**** Data excerpt

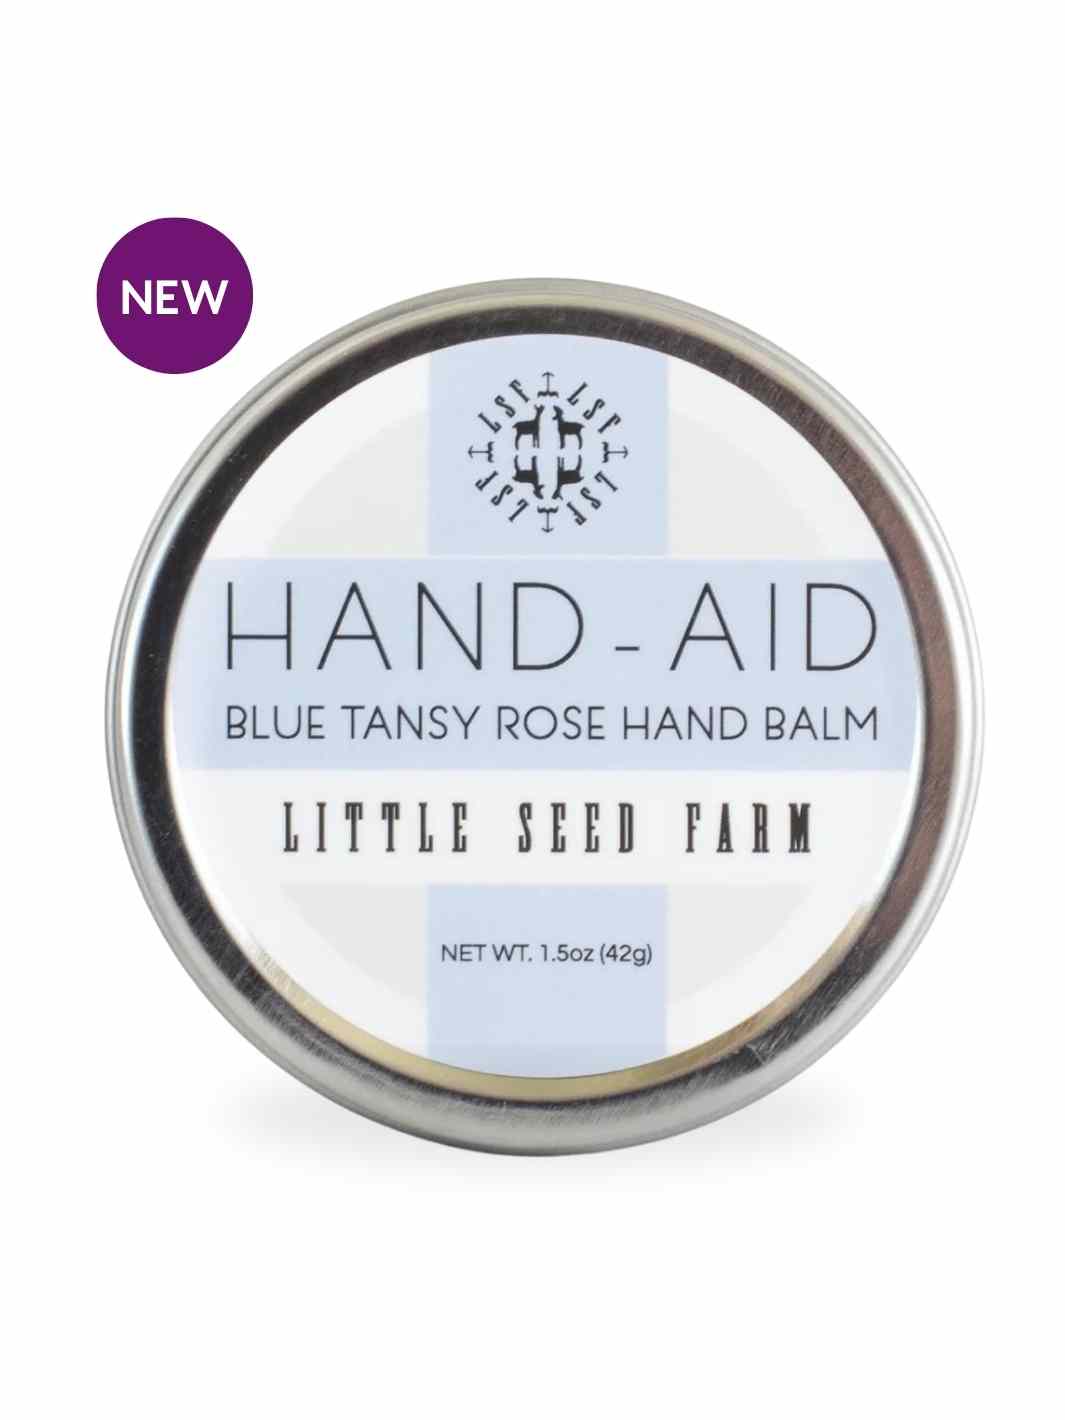 Little Seed Farm Blue Tansy Rose Hand-Aid Healing Hand Balm
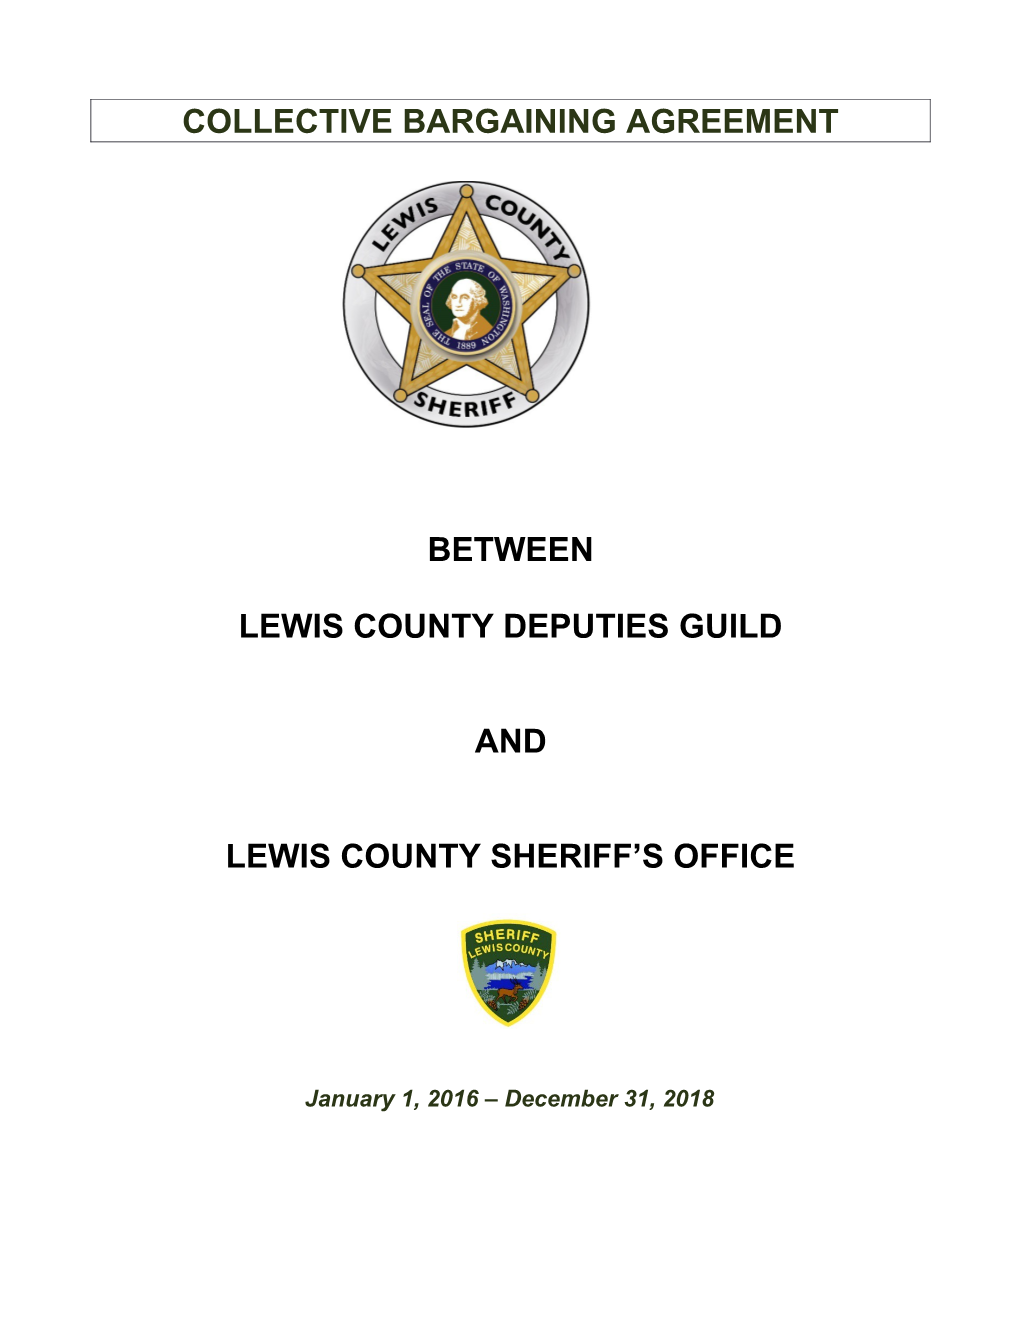 Lewis County Deputies Guild
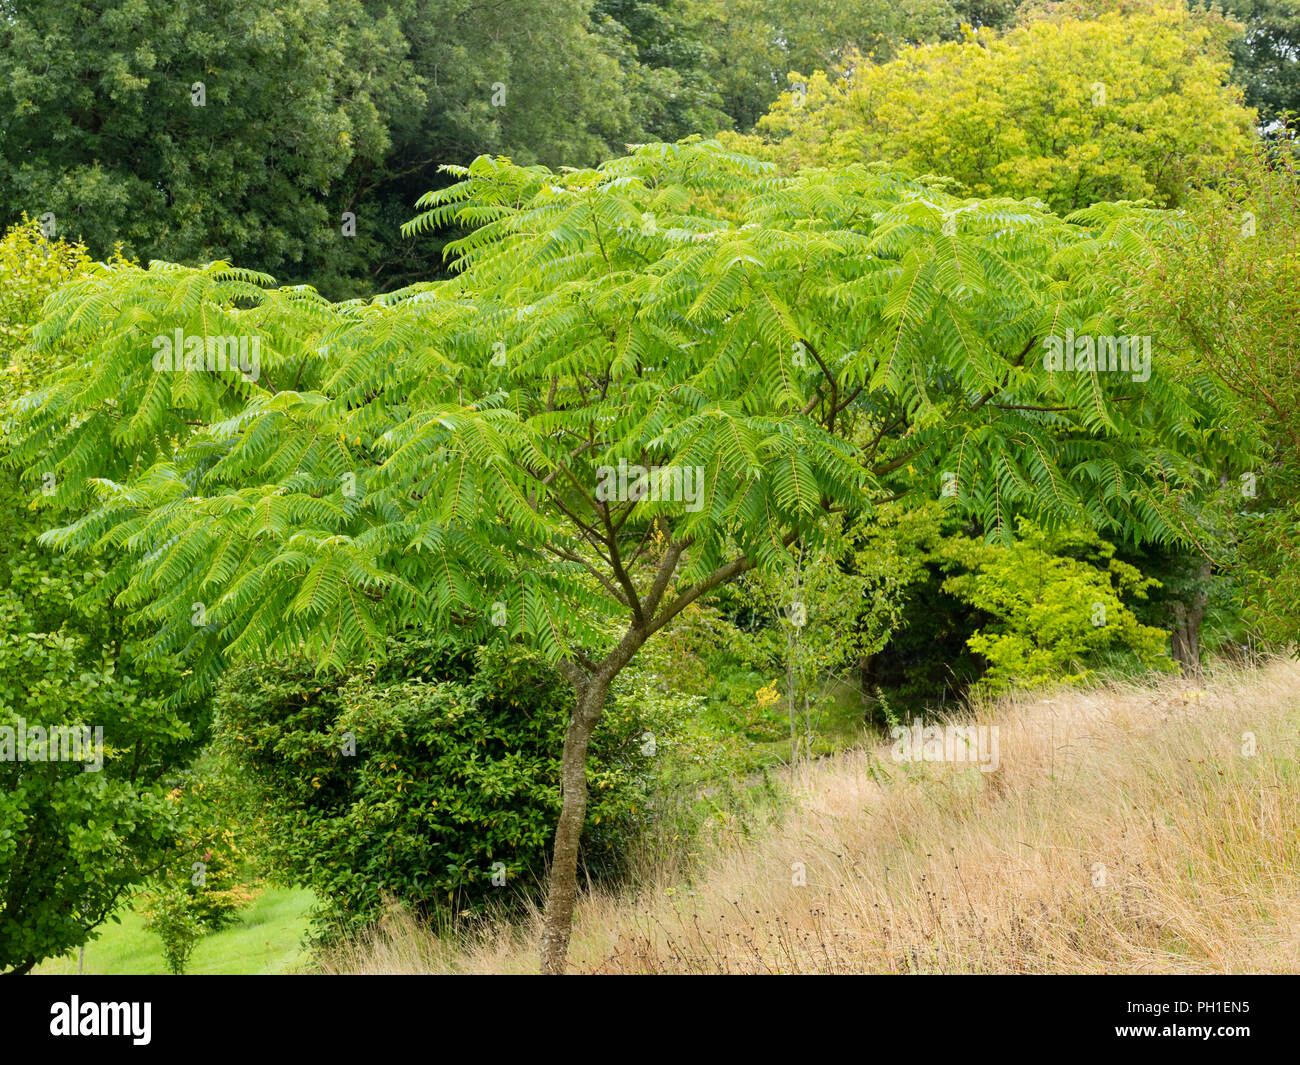 Pinnate foliage and spreading habit of the half hardy prickly ash tree, Zanthoxylum ailanthoides Stock Photo

********

### [Work request]
Make an exact copy of the lines from the one holding "Lewis County Deputies Guild" through the end of the material, both ends included, and keep the pictures out of it.

### [Problem solution]
 Lewis County Deputies Guild
 Pinnate foliage and spreading habit of the half hardy prickly ash tree, Zanthoxylum ailanthoides Stock Photo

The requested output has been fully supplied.